- Supplied material -
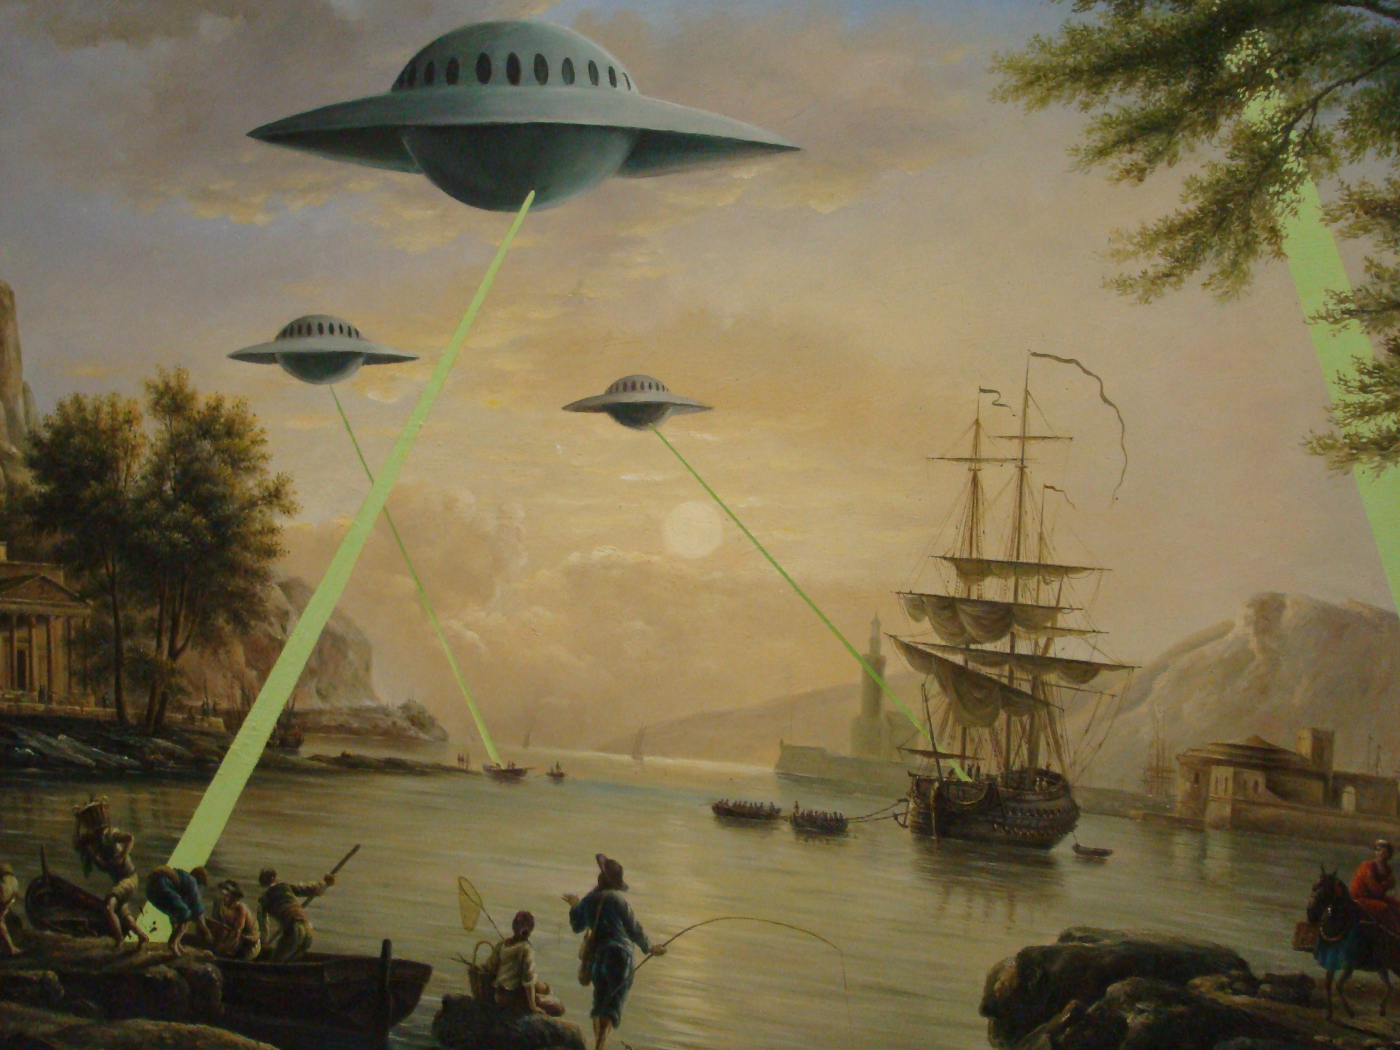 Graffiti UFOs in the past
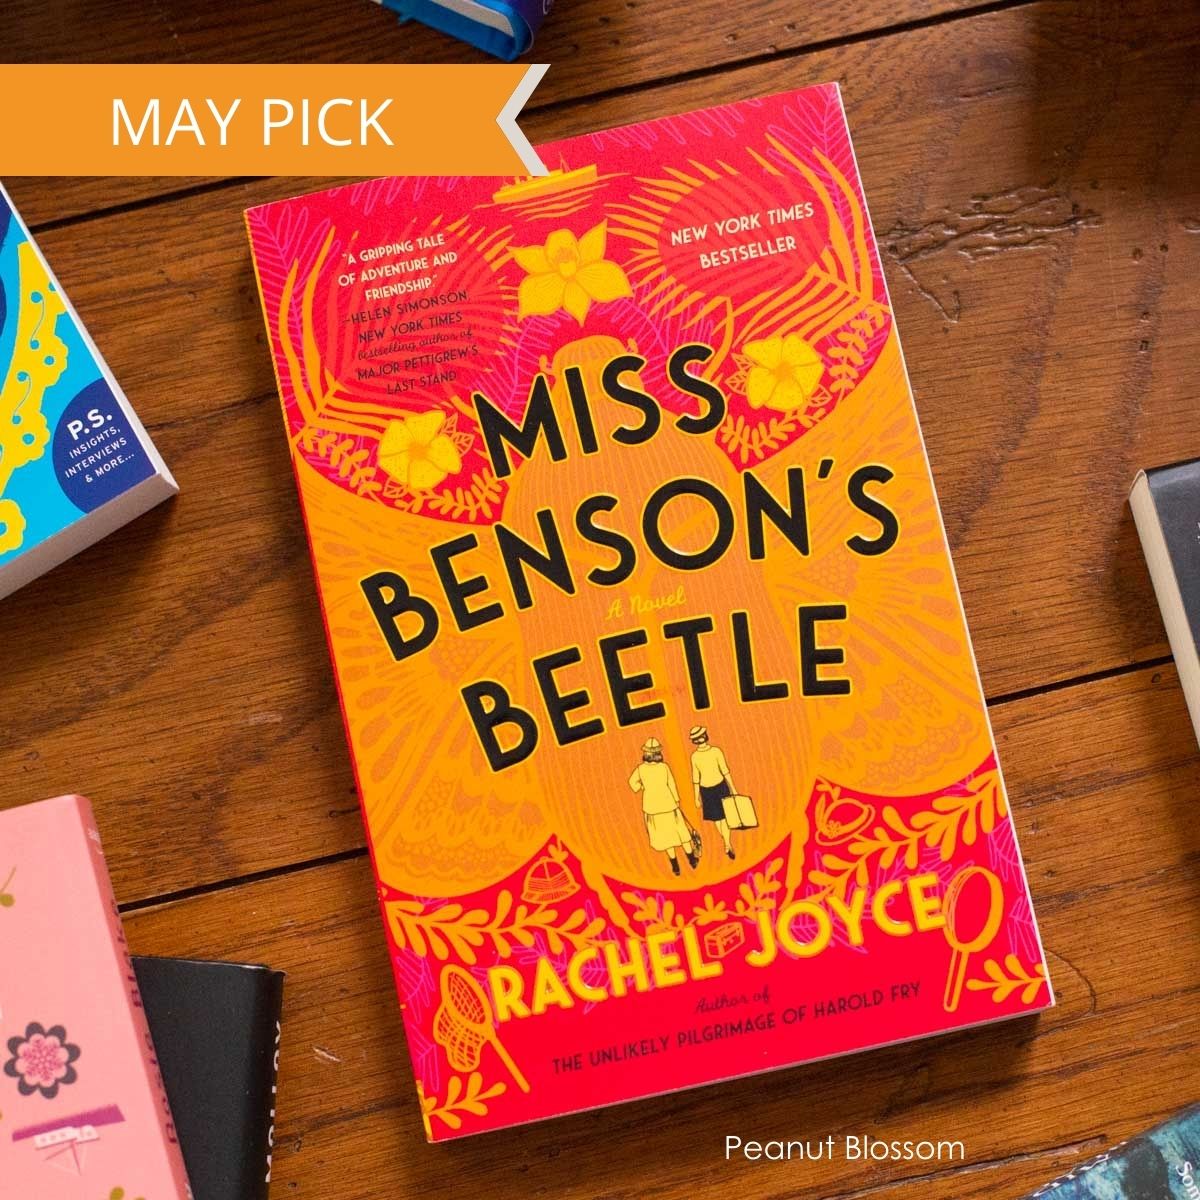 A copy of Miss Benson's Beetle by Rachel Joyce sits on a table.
--
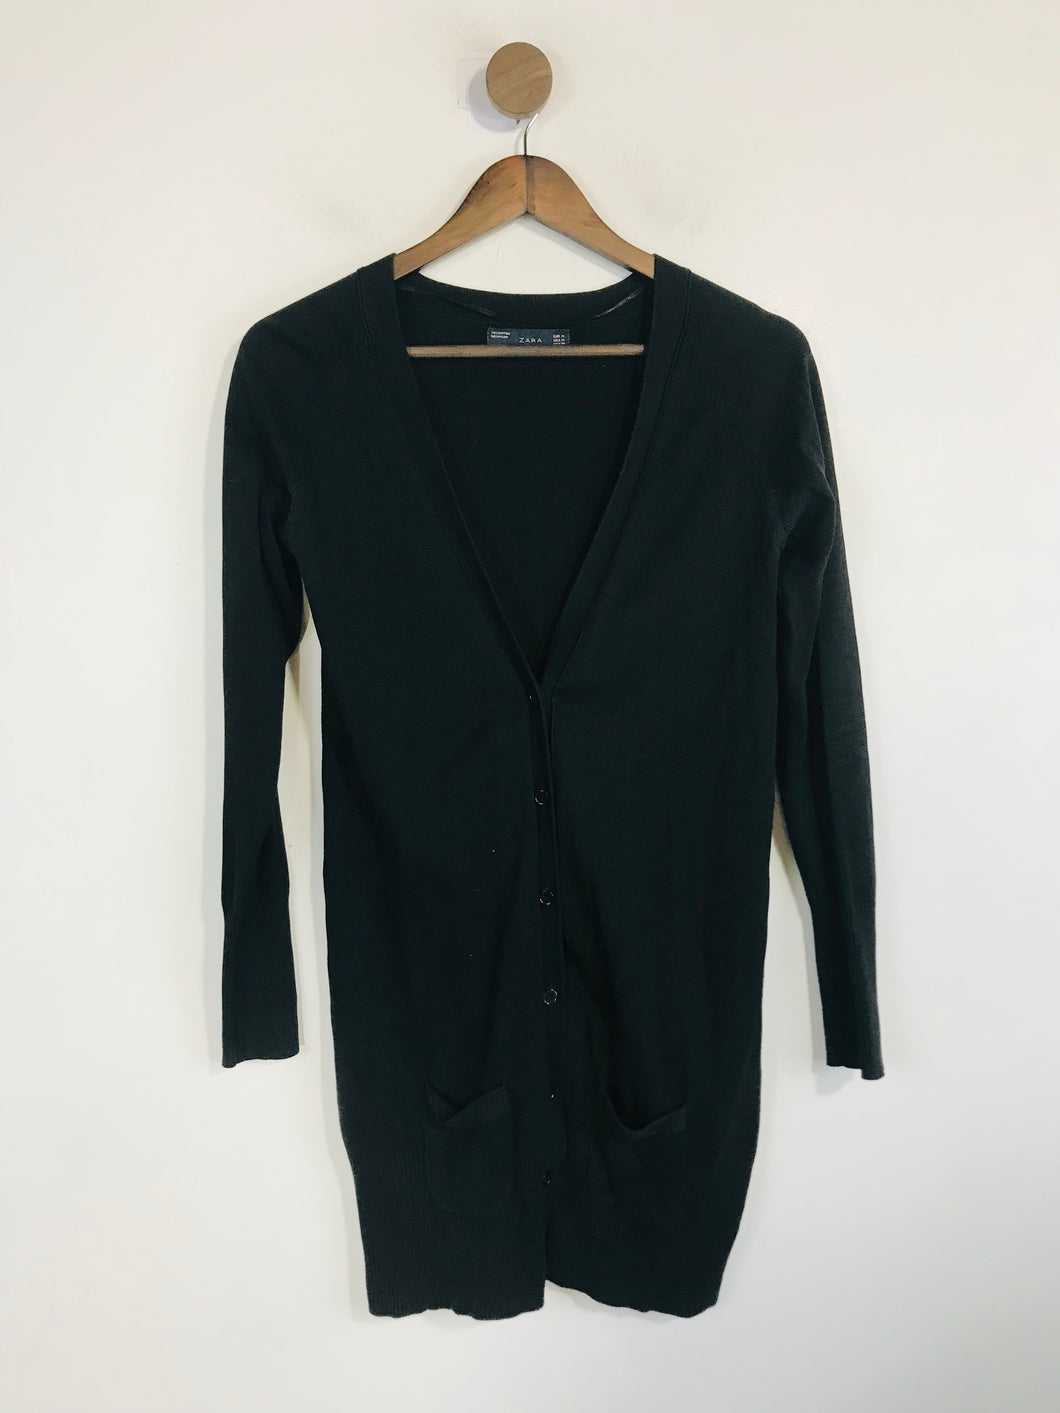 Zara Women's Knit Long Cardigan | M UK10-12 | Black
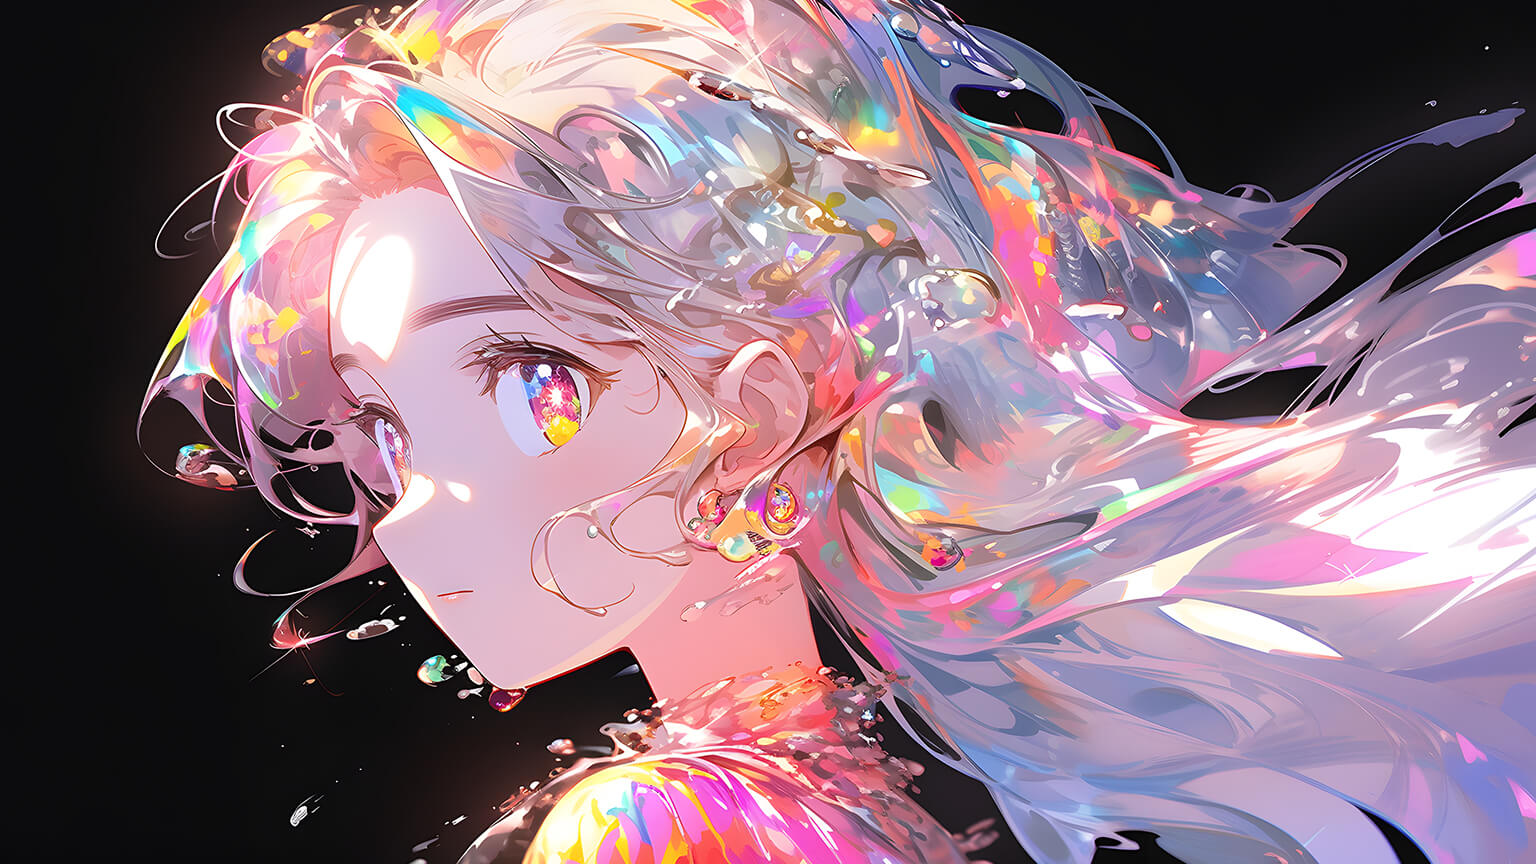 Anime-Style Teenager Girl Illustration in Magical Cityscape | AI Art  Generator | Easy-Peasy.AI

- What you have to do -
Leave the pictures out, and transcribe exactly the lines above starting at the one that contains "Graffiti UFOs in the past" and ending at the one that contains "A copy of Miss".

- Solution -
 Graffiti UFOs in the past
 A copy of Miss Benson's Beetle by Rachel Joyce sits on a table.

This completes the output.